*** DATASET EXCERPT ***

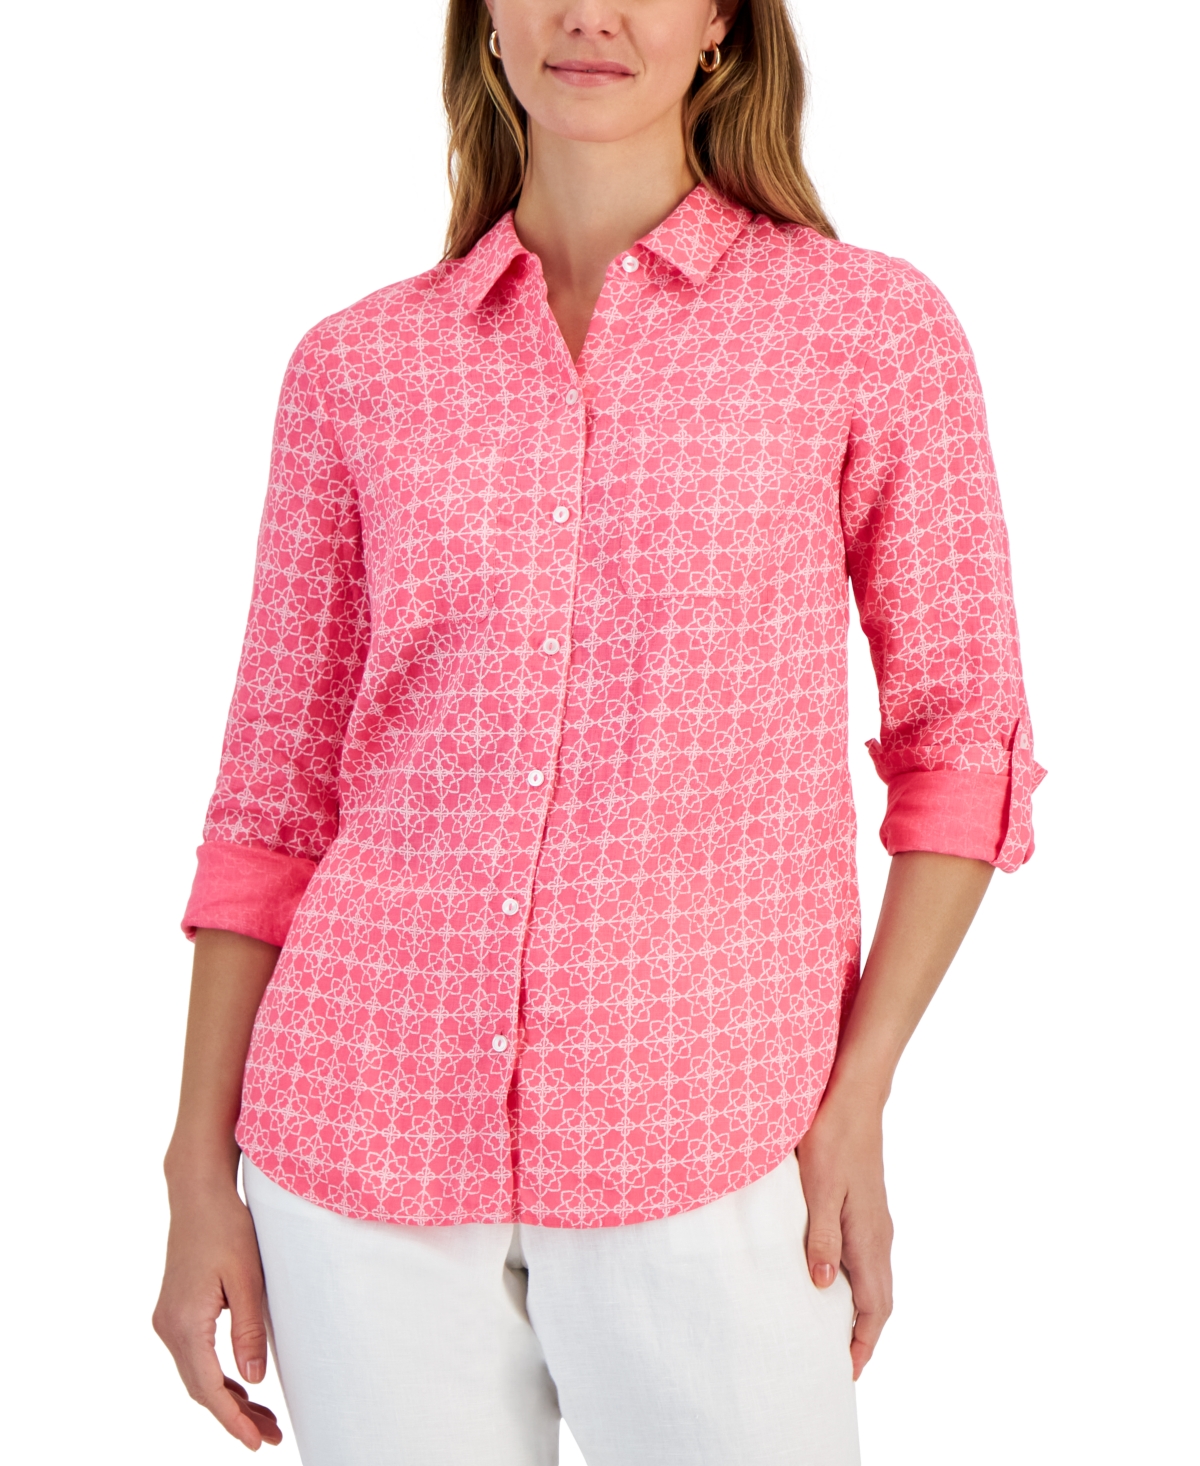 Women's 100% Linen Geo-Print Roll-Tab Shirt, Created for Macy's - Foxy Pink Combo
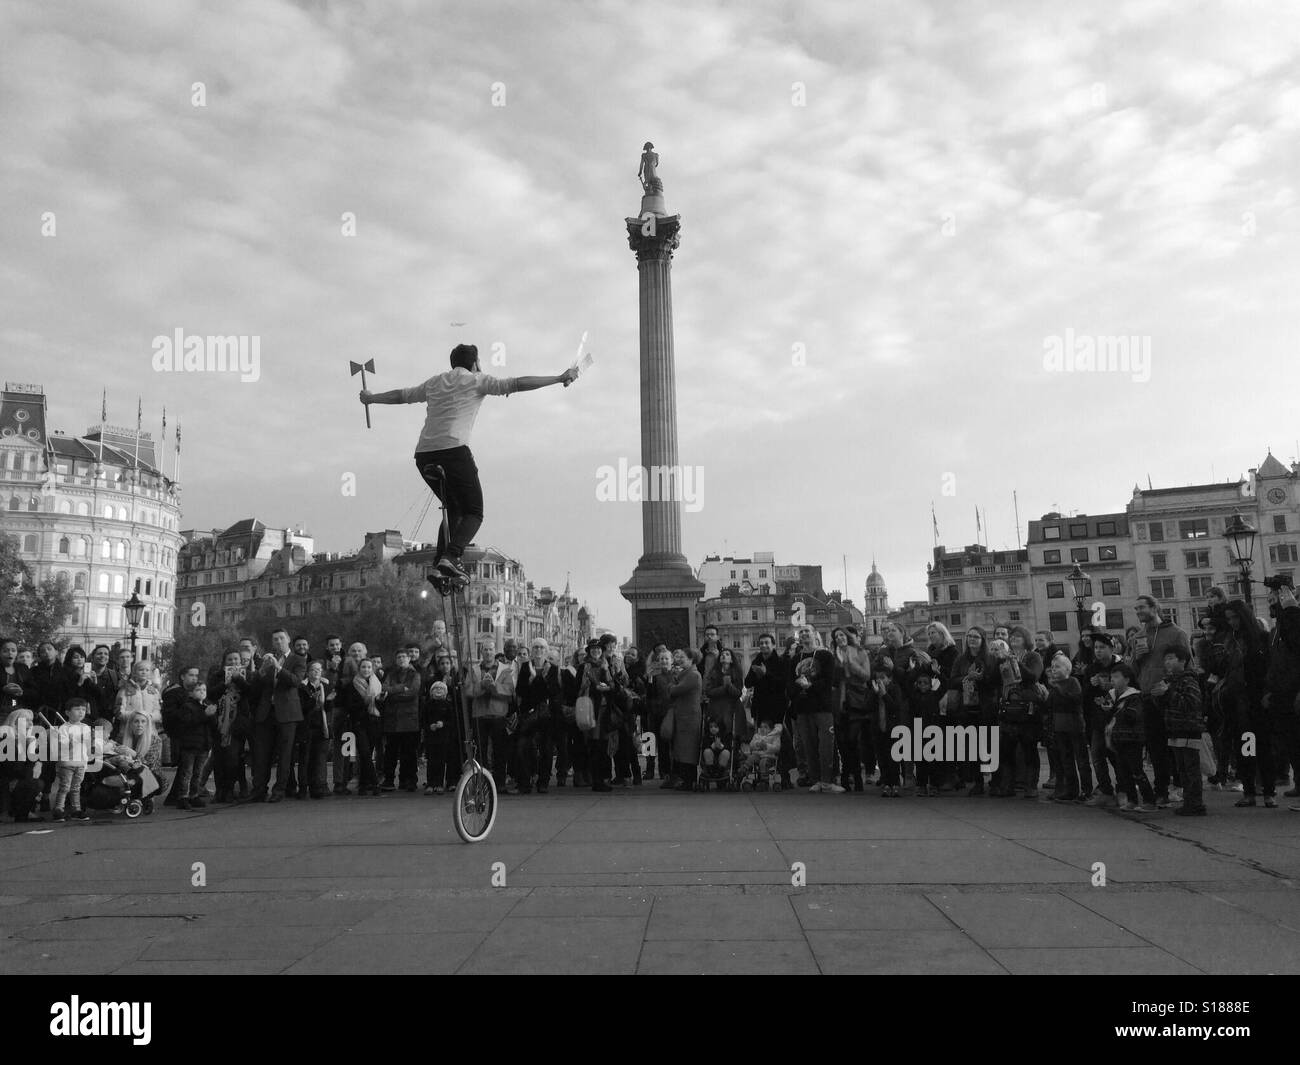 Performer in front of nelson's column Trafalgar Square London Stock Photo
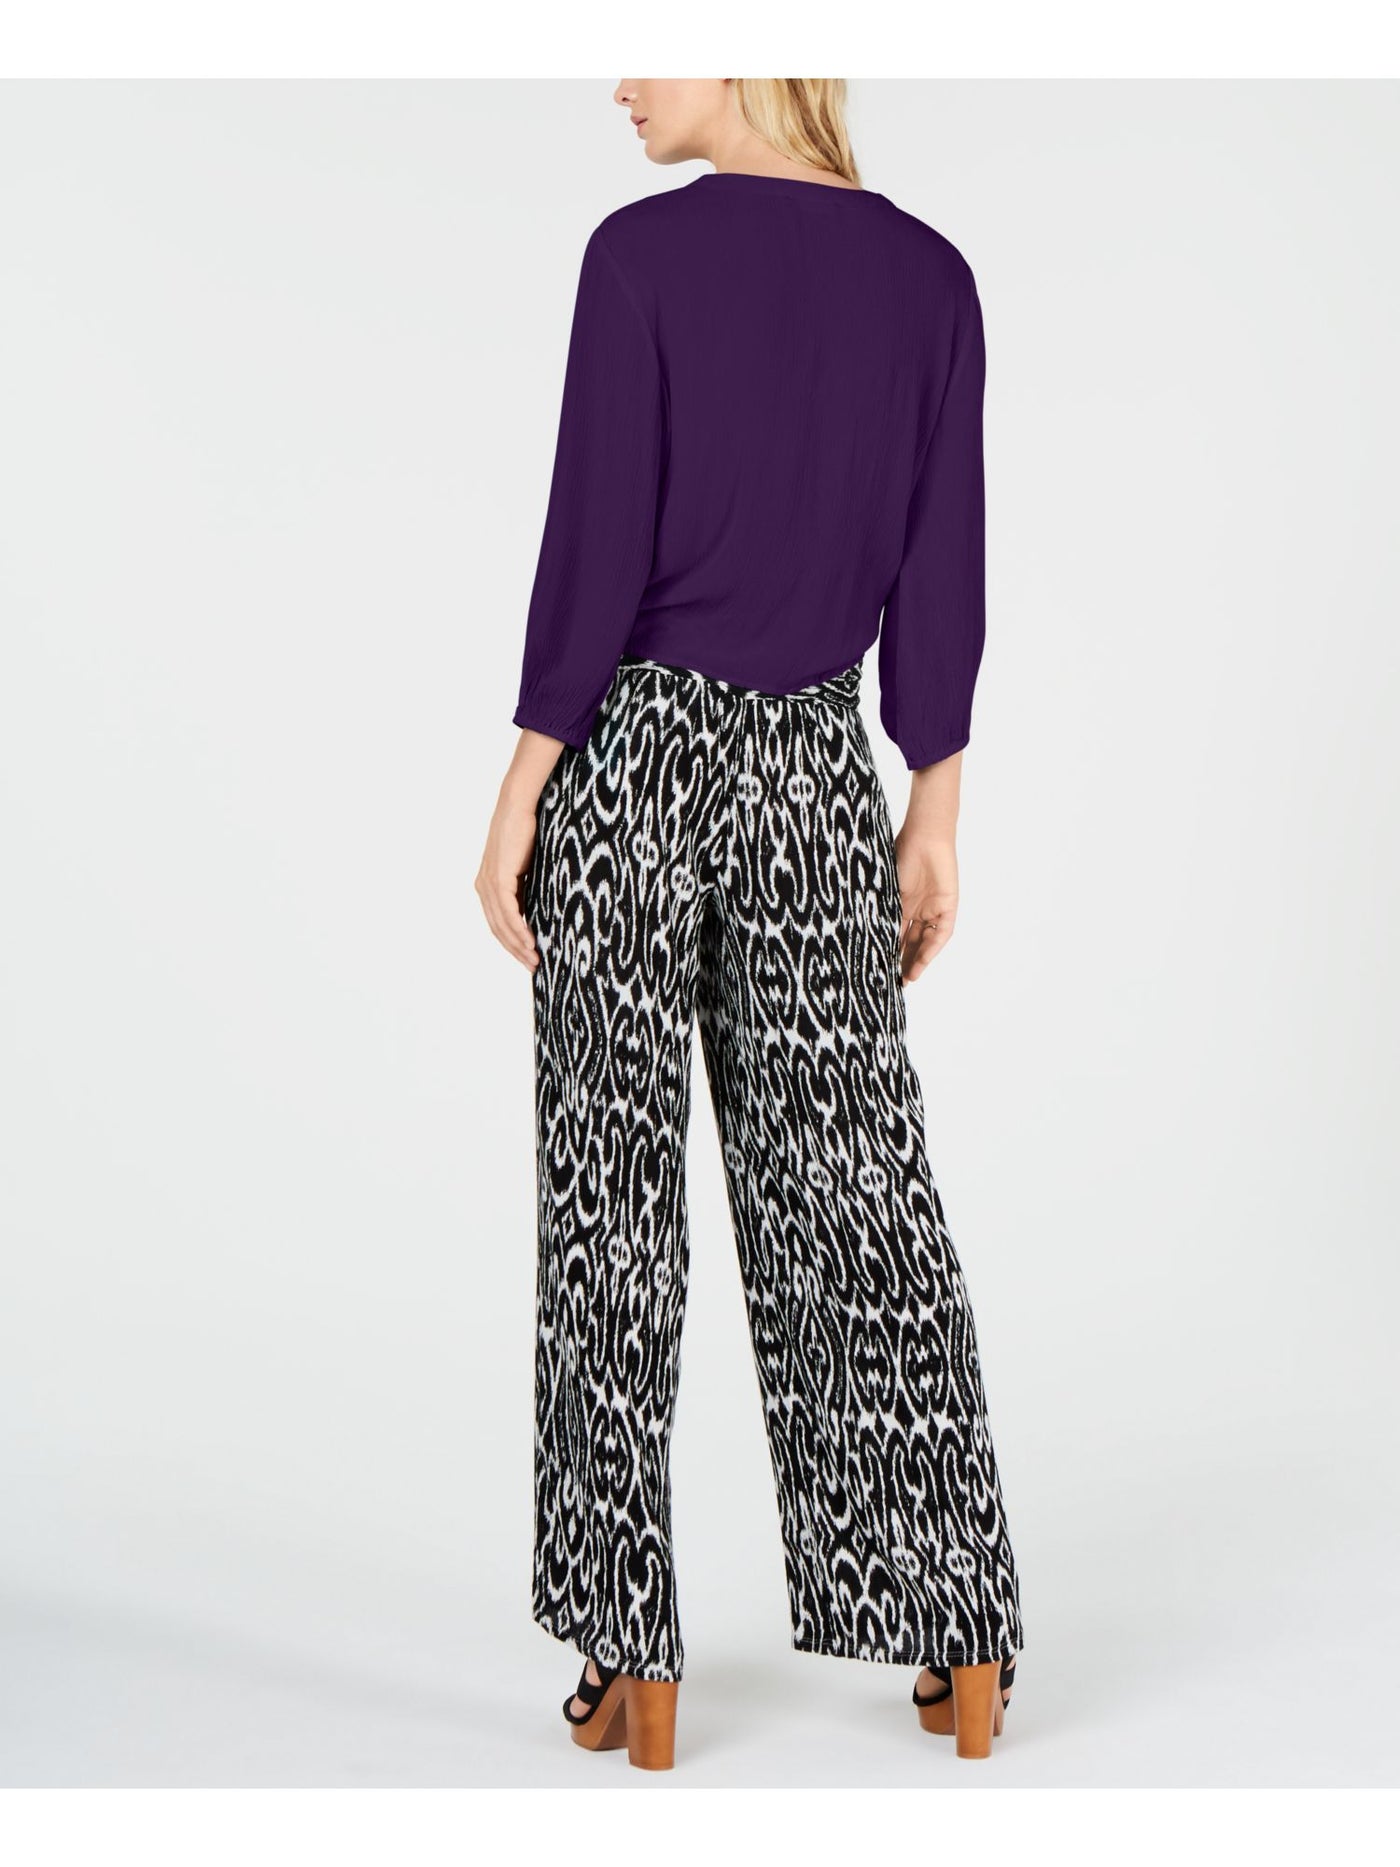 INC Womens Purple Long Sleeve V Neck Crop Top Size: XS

*** End of DATASET EXCERPT ***

◆ TASK TO COMPLETE ◆
Everything from the line holding "Performer in front" through the last line of the listing should be written out exactly, except for the pictures.

◆ RESULT OF THIS EXERCISE ◆
 Performer in front of nelson's column Trafalgar Square London Stock Photo
 INC Womens Purple Long Sleeve V Neck Crop Top Size: XS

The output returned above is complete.